Еще будучи Зорькиным, он проворачивал такие аферы, которые Остапу Бендеру и не снились. Последним шедевром его мошенничества стала продажа большой коллекции картин советских художников президенту одной соседней страны. А треть из этой коллекции представляли собой искусные подделки! Если когда-нибудь покупатель решит провести настоящую, полноценную экспертизу картин, то его ждет огромное разочарование. Вместо уникальных образцов советского авангарда эксперты непременно увидят новодел, тщательно выписанный копиистами, живущими в начале нового тысячелетия. Этой причины было вполне достаточно, чтоб со сцены жизни исчез господин Зорькин, специалист по антиквариату, а вместо него возник Шанаев, коллекционер старинных музыкальных инструментов…
Человек был новый, а привычки старые. И Григорий Петрович опять потирал нос, полностью погрузившись в размышления о предстоящей встрече, соображая, как лучше, с наибольшей выгодой для себя, провести разговор и добиться желаемого. Шанаевский интерес и волнение были объяснимы, поскольку собеседником его был человек не совсем обычный.

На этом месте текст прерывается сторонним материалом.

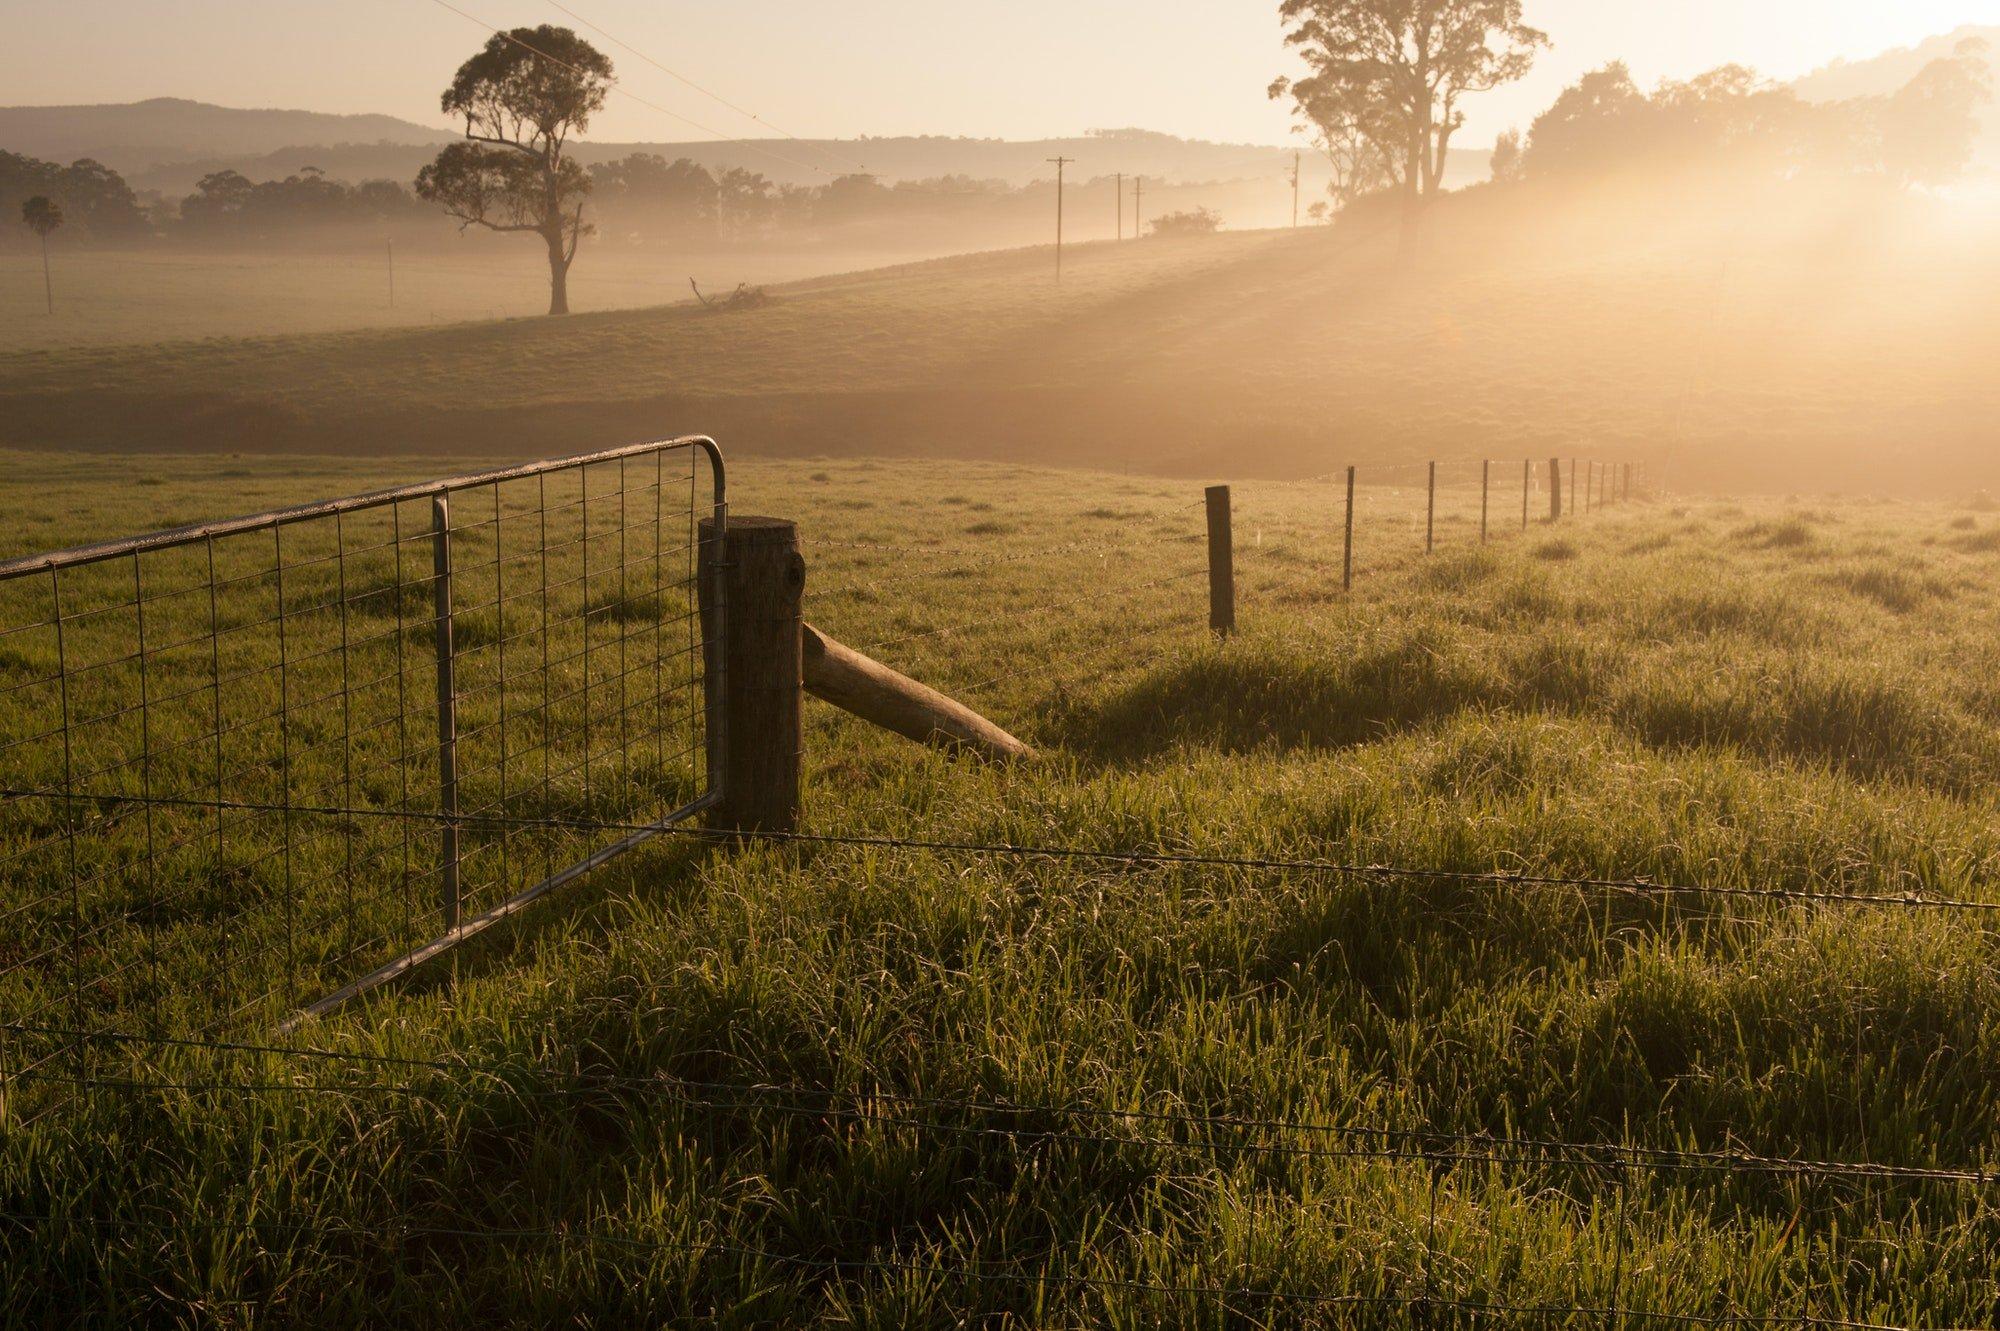 Farm gate on a foggy morning

Дело в том, что восьмидесятитрехлетний герр Николас Мюллер еще ребенком был увезен родителями в Германию. Его родители эмигрировали из СССР в Германию, но осели в Австрии и сменили свою украинскую фамилию Мельниченко на австрийскую Мюллер, что являлось прямым переводом и значило «мельник». Всю свою жизнь урожденный Мыкола Мельниченко занимался музыкой, а вернее – помогал музыкантам. Он был настройщиком. Настраивал и ремонтировал рояли, фортепьяно, а также струнные музыкальные инструменты. Постепенно Мюллер стал собирать раритетные скрипки, альты, которые по случаю попадали к нему в руки. Жил он в обычной трехкомнатной квартире, одна комната которой была специально оборудована под коллекцию, где преобладали смычковые инструменты.
Встреча Шанаева со старым Мюллером была срочной, поскольку в немецком журнале «Focus» был опубликован материал, буквально взорвавший европейскую и американскую прессу. Публикацию прокомментировали практически все ведущие СМИ.
Эта история, для которой так и просится название «Дедушка-миллиардер», наверняка ляжет когда-нибудь в основу киносценария для Голливуда. Итак, три года тому назад во время стандартного таможенного досмотра пассажиров поезда, следовавшего из Швейцарии в Мюнхен, внимание чиновников привлек один восьмидесятилетний дедушка. После досмотра у старика обнаружили конверт с 9000 евро наличными. Эта сумма всего лишь на 1000 евро больше той суммы, которую необходимо декларировать. В общем, дедушка немного прокололся. Въедливые чиновники от старика не отстали, напротив – взяли его в оборот по полной программе.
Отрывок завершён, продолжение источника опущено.